Article Preview
TopIntroduction
Resumes play an important role in human career. Resumes are used for employees to find jobs and for HR to select staffs. The demographic information and work experiences are recorded on the resumes. Too many valuable patterns can be explored from resumes.
Visualization techniques have already been used to assist the analysis of humanities (Ware, 2014), which are good at storytelling. Different aspects of humanities visualization are presented in the previous work, such as visualizing traffic data (Shi et al., 2018), table tennis data (Wu et al., 2018), E-commerce data (Kim et al., 2019). But as far as I know, there is almost no visualizing work dedicated to resumes.
Resumes are commercial secrets, so it is very difficult to obtain lots of resumes, which is the biggest difficulty in resume mining and visualization. Through the offline cooperation with a social insurance payment company, we collected 372,829 Chinese resumes working in Beijing with rich and valuable attributes, such as income and Chinese ID number, which are not easily available.
People in the resumes are of different ages and majors. The decade characteristics and major characteristics should be considered when analyzing and visualizing resumes. To assist resume data mining, 1,837,281 documents in the People’s Daily from May 1946 to December 2015 and the national college entrance examination scores of 42 majors in 27 Beijing universities from 2005 to 2015 are collected to build the multi-source dataset. By the observation of the multi-source dataset, we find that: (1) there are distinct characteristics of the decades in the 1950s, 1960s, 1970s, 1980s; (2) with the development of the decades, different majors have different degrees of attention.
An interactive visualization system called ResumeVis is developed to explore the correlations among the attributes. From the perspective of job seekers, users can find out the successful experiences of the predecessors. For example, what abilities and work experiences do high-paid persons have. From the perspective of human resources, users can check the attribute distributions. Based on the above data observation, the attention degree of a major reflected by the number of occurrences in the People's Daily and the national college entrance examination is integrated in the system, which can help users predict trends. User-friendly interactions, such as filter elements, reorder attributes, brushing and linking, are integrated to provide an easy-use interface.

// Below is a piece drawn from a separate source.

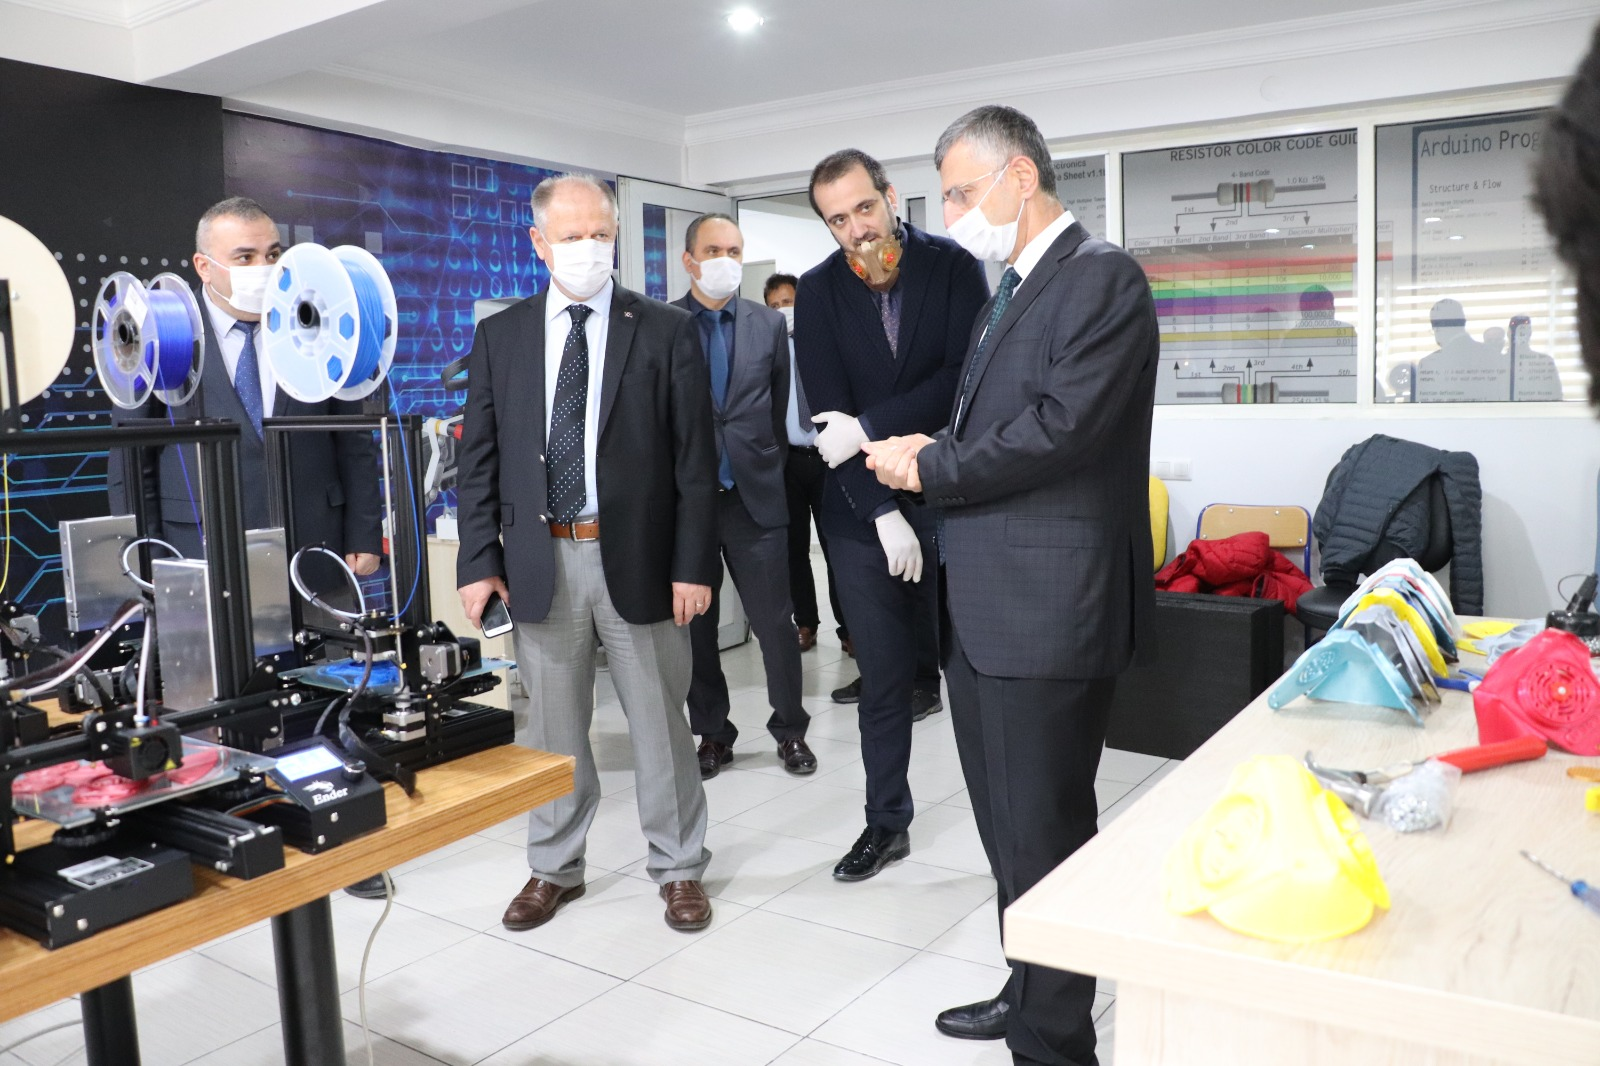 Zonguldak Valisi Bektaş: Sayılar her birimizi alarma geçirecek seviyede

The main contributions include:
- •
A multi-source dataset is constructed, including 372,829 Chinese resumes with rich and valuable attributes, such as income and Chinese ID number, 1,837,281 documents in the People’s Daily from May 1946 to December 2015 and the national college entrance examination scores of 42 majors in 27 Beijing universities from 2005 to 2015. The data observation of the decade characteristics and major characteristics are explored from the multi-source dataset to assist resume data mining.
- •
A complete interactive visualization system called “ResumeVis” is developed to explore the different aspects of resumes by multi-source data analysis, especially the attribute correlations. In the system, parallel coordinates with multi-valued attributes are proposed, which can show multiple values in one attribute to meet the characteristics of resumes.
The rest of the paper is organized as follows: Section 2 gives related work. Section 3 describes the multi-source data collection. Section 4 describes the observation of multi-source data to explore the decade characteristics and major characteristics. Section 5 designs ResumeVis system. Section 6 shows case studies. Section 7 finally draws the conclusions.